Des fragments de mémoire ont été déposés aux sources du Gange à Gaummuk, en Chine, en Amazonie, en Grèce, au Sénégal, au Maroc dans le Haute Atlas, en Belgique, en France, en Grande Bretagne, en Bosnie, au Kosovo, au Népal, au Vietnam, en Terre Inuit, à Chinguetti au Sahara Mauritanien, en Martinique, aux USA, en Corée du sud, au Japon… Son intention est d’activer l’art de la mémoire de manière universelle et d’installer ces fragments de civilisation un peu partout sur la terre. Placés au creux d’un tronc ou enfouis dans la terre, ils posent la question de l’accessibilité des œuvres.

En mars 2004, après quatre années de travail, les sculptures monumentales réalisées pour la station de métro Albert à Bruxelles sont inaugurées. Une grande figure ailée en bronze est accompagnée de deux cent dix fragments de mémoire déposés dans une fosse au niveau de la mezzanine et d’un immense chariot à mémoire au niveau des quais.

5 LE MESSAGE

Le sujet :

C’est une procession de personnages, une forêt en marche.

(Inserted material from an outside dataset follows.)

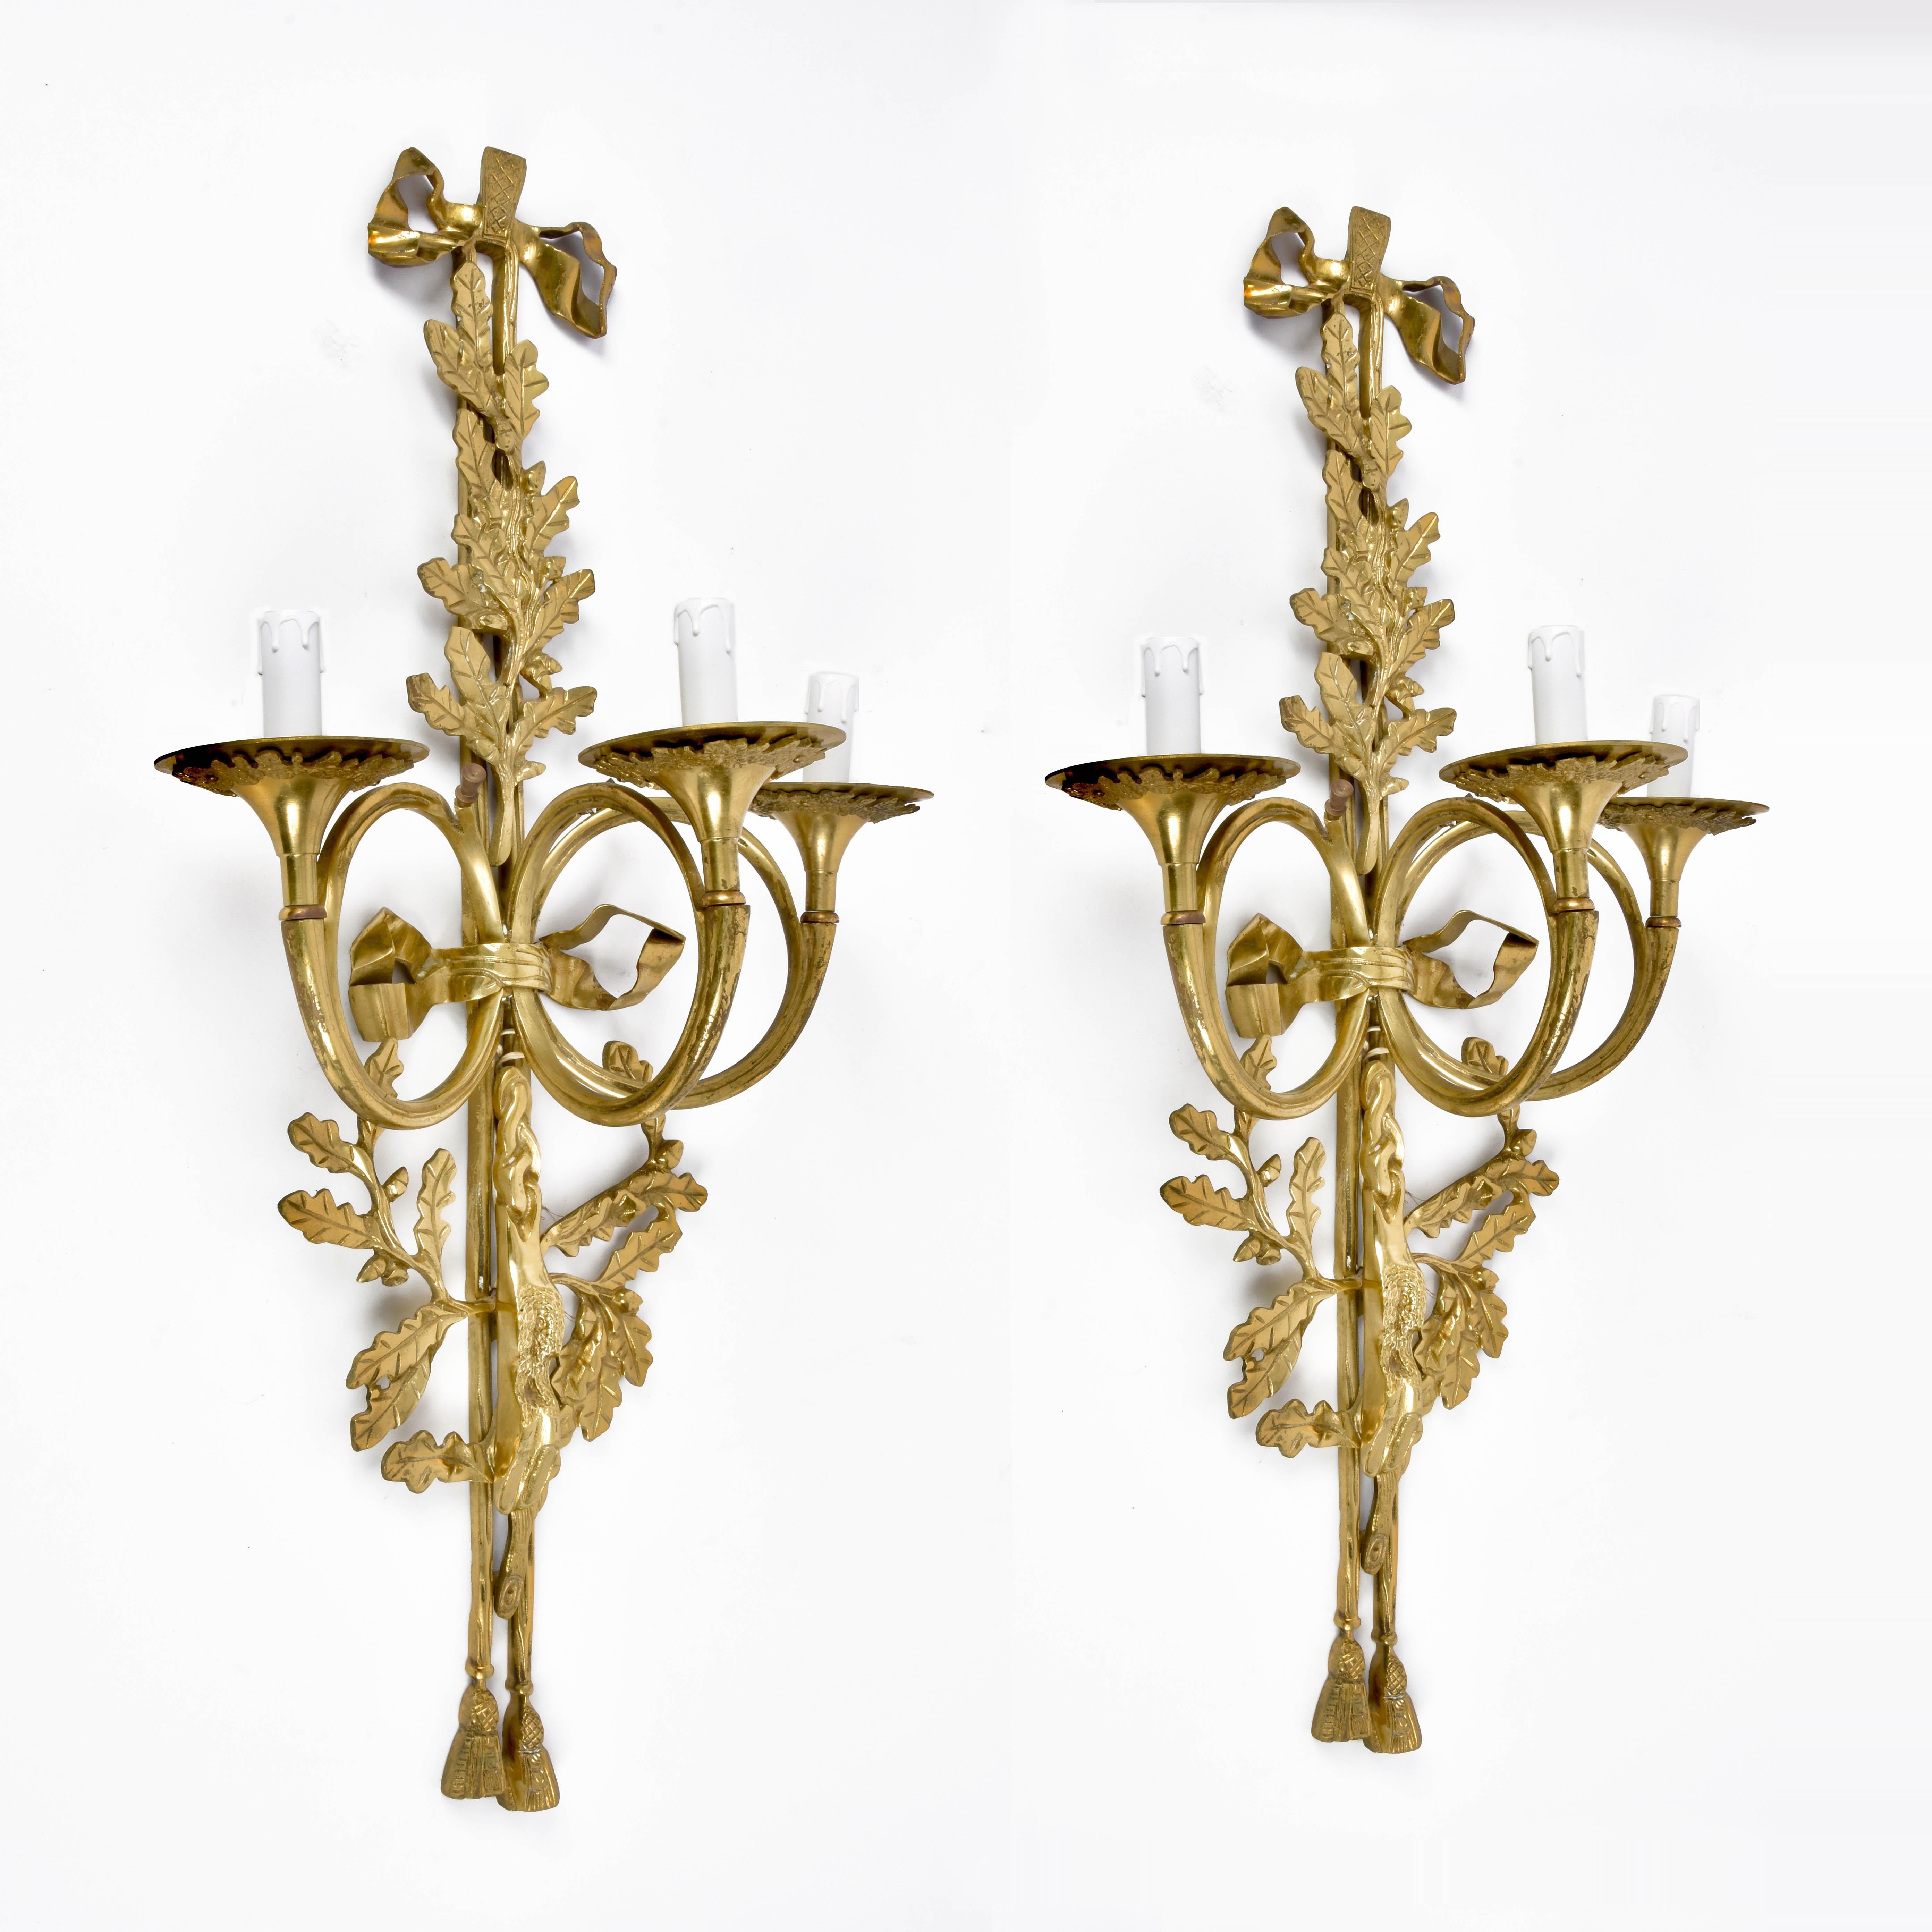 Mid-20th Century Pair of Neoclassical Solid Brass Three-Arm Trumpet French Wall Sconces, 1930s

Les procédés techniques importants :

Le volume, les états de surface, les lignes de direction,

Les éléments de contexte culturel important :

Les souvenirs d’enfance, le moment fondateur du dîner où il s’ennuie, sa préoccupation sur le devenir de la planète, l’invention d’une « civilisation », l’art de la mémoire.

LE MESSAGE

A partir de tous ces éléments proposés, composer un message.

  • Nous sommes tous, depuis la nuit des temps, les mêmes et si différents. On a une mémoire, à chacun de la retrouver à partir des signes.
  • En harmonie dans son environnement et dans son unité, Jephan de Villiers devient porteur de mémoire, nous ramenant aux origines de la terre par ses symboles et nous donne peut-être un accès à une certaine immortalité.
  • Jephan de Villiers met en marche une procession faite de ce qui reste de la forêt, quelques écorces, conduisant des chariots de mémoire. Il nous interroge sur l’avenir de notre terre et nous invite à retrouver le chemin des civilisations des origines, proches de la nature. Pourrons nous nous en souvenir ?
  • Pris individuellement, nous ne sommes que des écorces de bois, mais ensemble, la multitude des mille et trois, on forme un groupe avec une cohésion qui va communier de façon transcendante avec la nature, notre origine.